Red Flags And Operational Due Diligence
Before you pay, ask for clarity on these points,
- How is drawdown calculated including swaps and commissions
- Are server time and end of day reset documented
- Are rejected trade reasons and dispute processes documented
- Are fees, refunds, or credits clearly stated
- Are symbol lists, leverage, commissions, and swaps listed on a live page that is updated
Walk away if you cannot get written answers from primary sources.
Use FundedHub To Compare Faster
You can shortlist options with the FundedHub tools, then verify each rule on the firm’s site.
- Browse side by side policies with the Compare tool at /compare
- Filter by model, drawdown type, and payout cadence with the Smart Search at /smart-prop-firm-search
Save your picks, then perform the checklist and calculator steps above with the firm’s official numbers.

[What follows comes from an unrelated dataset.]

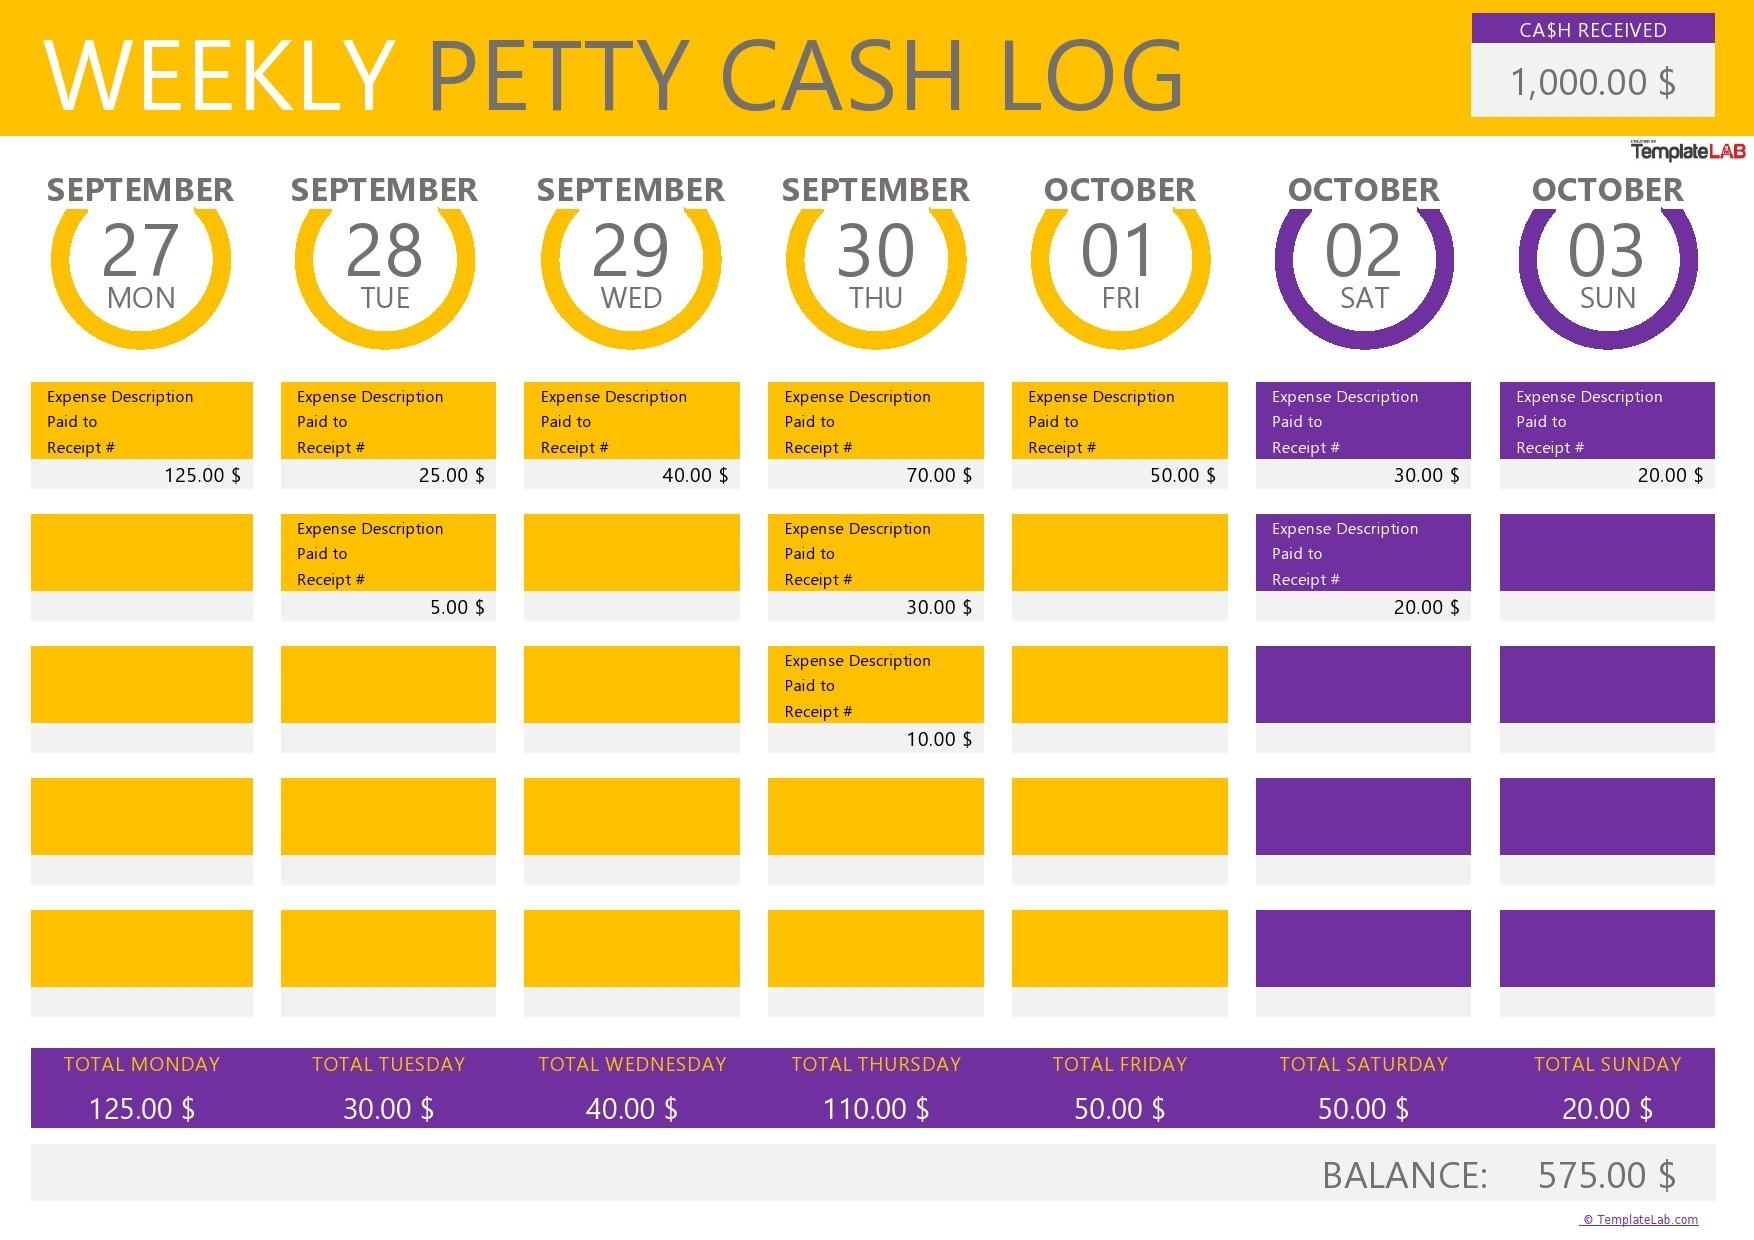 Free Weekly Petty Cash Log Template - TemplateLab.com

Decision Framework, Which Model Fits You
Pick the model that matches your priorities and constraints.
Choose instant funding if
- You need funding access without an evaluation
- You accept that risk limits may be tighter or pricing higher, confirm with the rule page
Choose one step if
- You want a faster path than two step while keeping evaluation cost lower than some instant funding offers
- You prefer a single target and can sustain rule discipline for the required days
Choose two step if
- You value potential cost efficiency per buying power and you can maintain execution quality across two phases
- You are comfortable with a longer timeline before the first payout
Once you choose the model, run the drawdown calculator with the firm’s confirmed parameters, plan your daily risk, and commit to your stop rules.
Final Notes
As of 2026, prop firm offers can change without notice. Always confirm the current policy on the firm’s official documentation before trading. This guide does not confirm specific parameters for FTMO, E8Markets, or Instant Funding. Use the checklists and formulas above, then plug in the firm’s official numbers so your plan matches the real rules you must follow.